Einfach mal den Browse-Cache löschen.


----------



## stadi (25. Dez 2009)

hab ich schon gemacht!! funktioniert auch nicht!


----------



## L-ectron-X (26. Dez 2009)

Welchen IE benutzt du?
Hast du auch andere Browser probiert?
Gibt es jetzt eine Fehlermeldung in der Java-Konsole?


----------



## stadi (26. Dez 2009)

also ich benutzte IE 8!
Es gibt keine Fehlermeldung in der Java-Console!

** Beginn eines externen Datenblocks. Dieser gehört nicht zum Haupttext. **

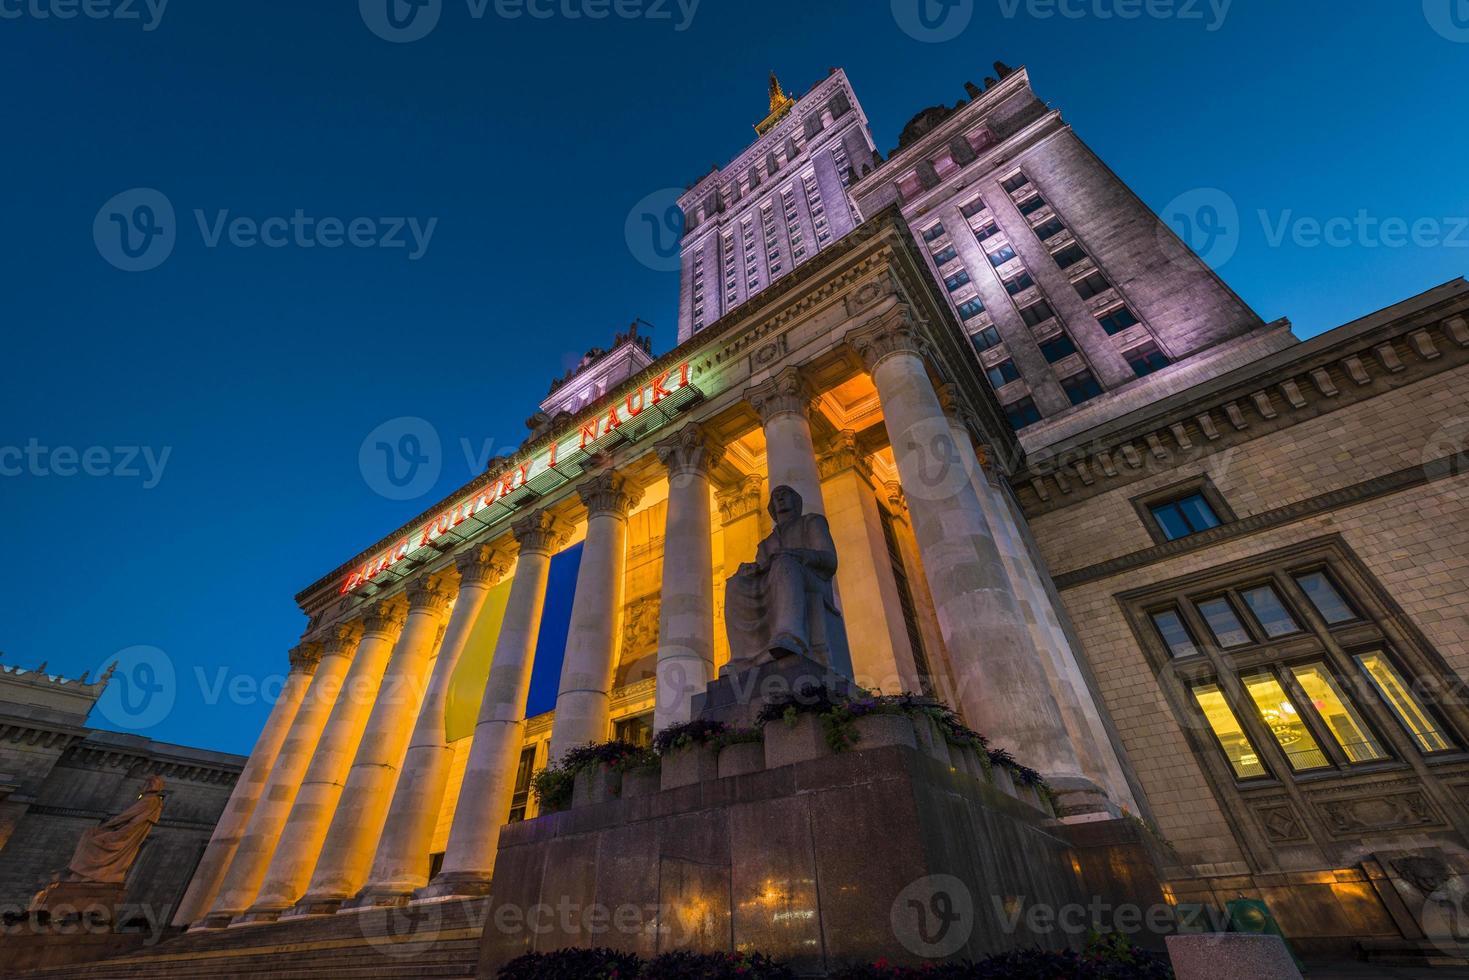 Paleis van cultuur in Warschau 's nachts foto

Bei Firefox kommt: fehlendes Plugin: application/x-java-applets, aber das finde ich nicht


----------



## stadi (26. Dez 2009)

das applet läuft jetzt auch im Firefox!
jedoch habe ich mir vom Inet ein paar jar-Dateien heruntergeladen und diese in mein applet eingebunden und genau die findet er nicht, meldet die Java-Console.
Also, wie kann ich diese jars so einbinden, dass sie auch gefunden werden??


----------



## L-ectron-X (26. Dez 2009)

Du hättest schon lange mal in die FAQs gucken müssen, da ist u.a. beschrieben, welche Probleme es geben kann, womit sie zusammenhängen und wie Applets eingebunden werden.
http://www.java-forum.org/applets/4482-verweigert-browser-anzeige-java-applets.html


----------